Material for this task >>

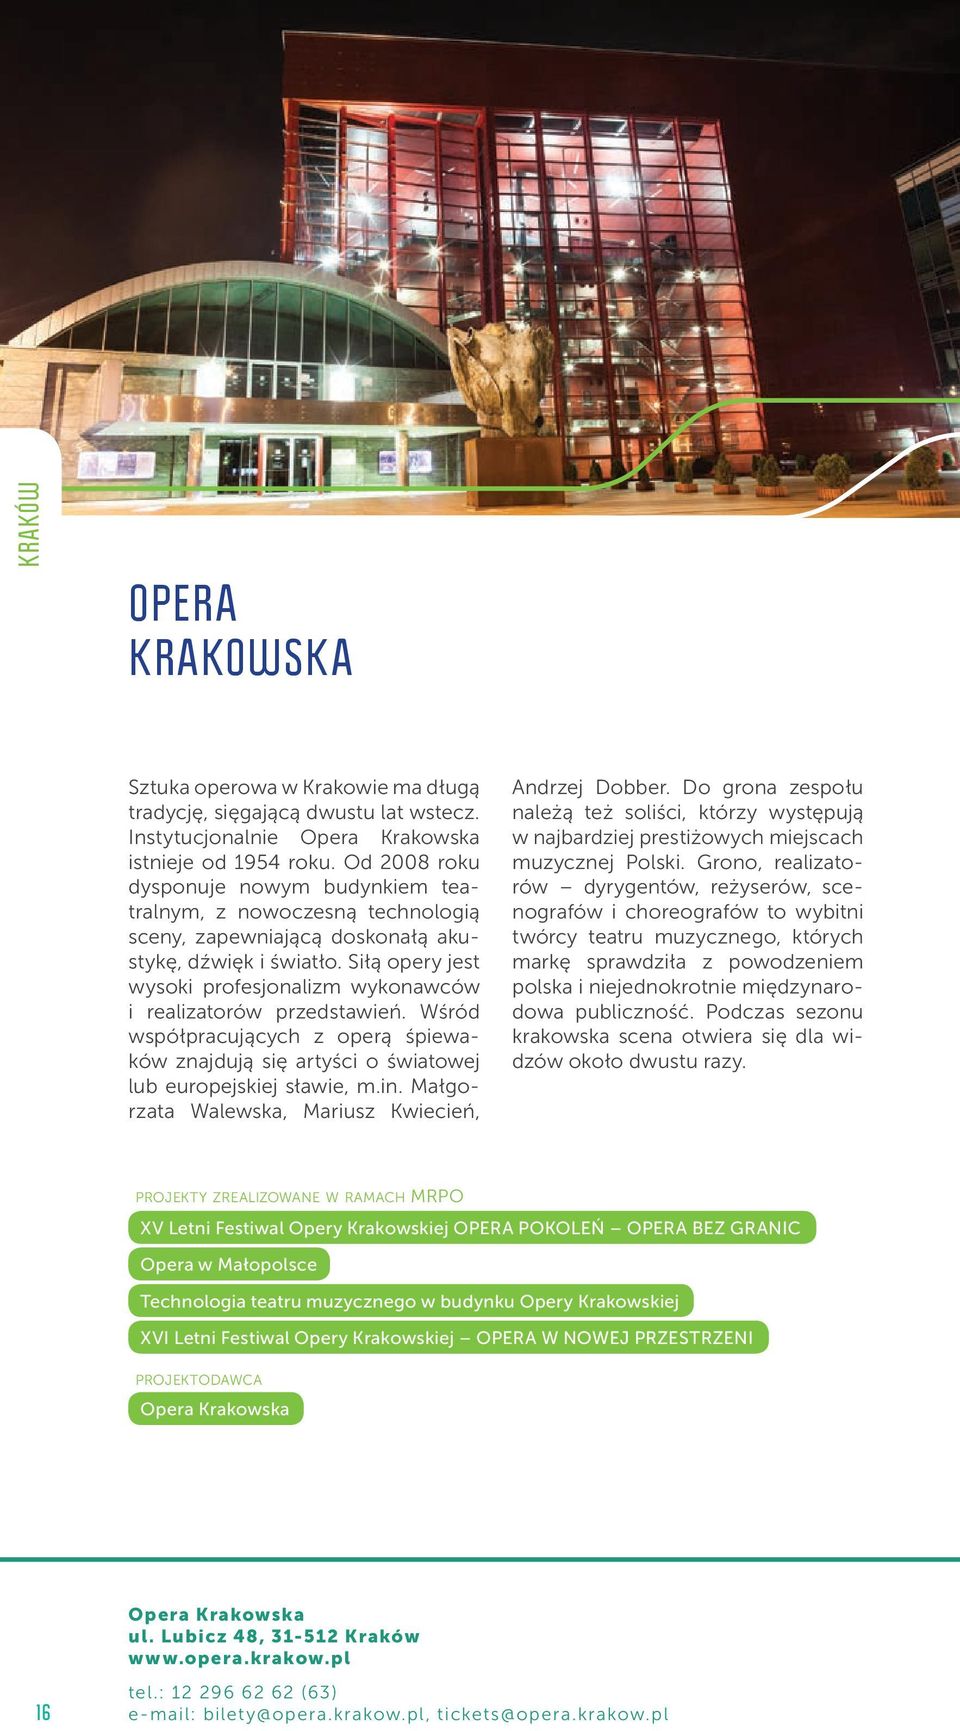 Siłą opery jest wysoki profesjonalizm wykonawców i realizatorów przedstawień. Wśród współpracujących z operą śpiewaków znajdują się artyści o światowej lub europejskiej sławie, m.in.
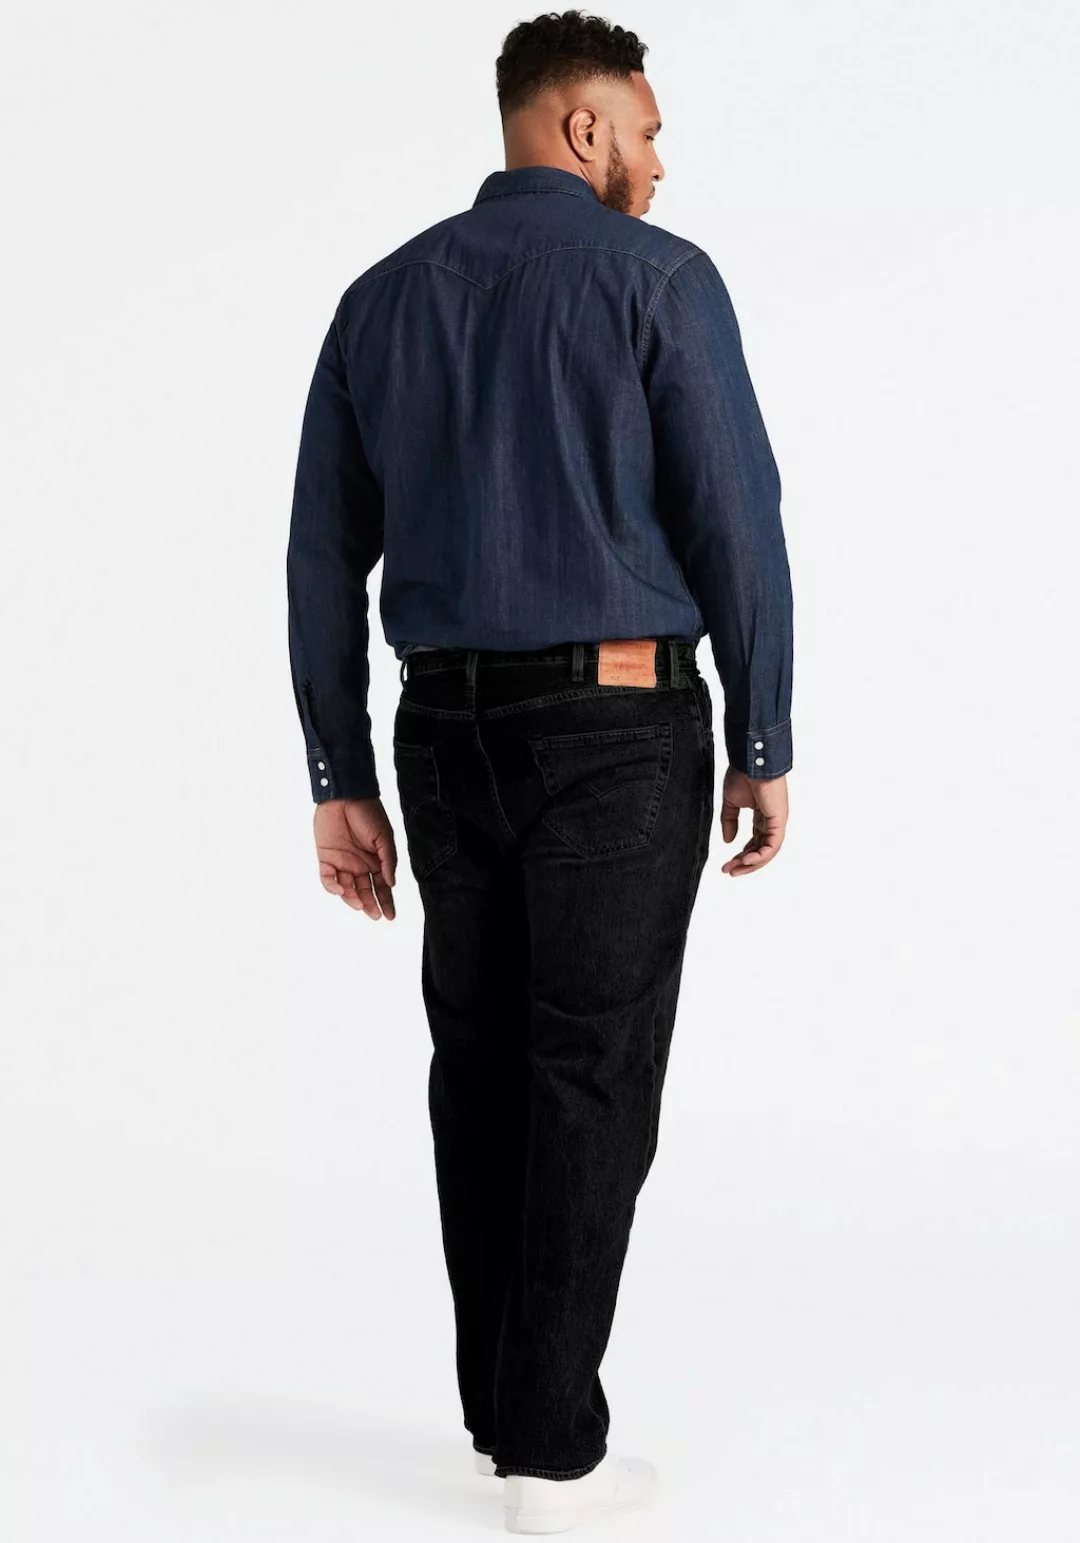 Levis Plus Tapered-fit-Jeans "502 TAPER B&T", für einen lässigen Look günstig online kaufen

--

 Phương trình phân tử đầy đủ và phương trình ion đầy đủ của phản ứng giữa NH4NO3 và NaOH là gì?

Your goal >> Print the part of the listing above that opens with the line containing "Siłą opery jest" and closes with the line containing "Levis Plus Tapered-fit-Jeans". Copy it exactly, both ends included, and omit the pictures.

Response box >>
 Siłą opery jest wysoki profesjonalizm wykonawców i realizatorów przedstawień. Wśród współpracujących z operą śpiewaków znajdują się artyści o światowej lub europejskiej sławie, m.in.
 Levis Plus Tapered-fit-Jeans "502 TAPER B&T", für einen lässigen Look günstig online kaufen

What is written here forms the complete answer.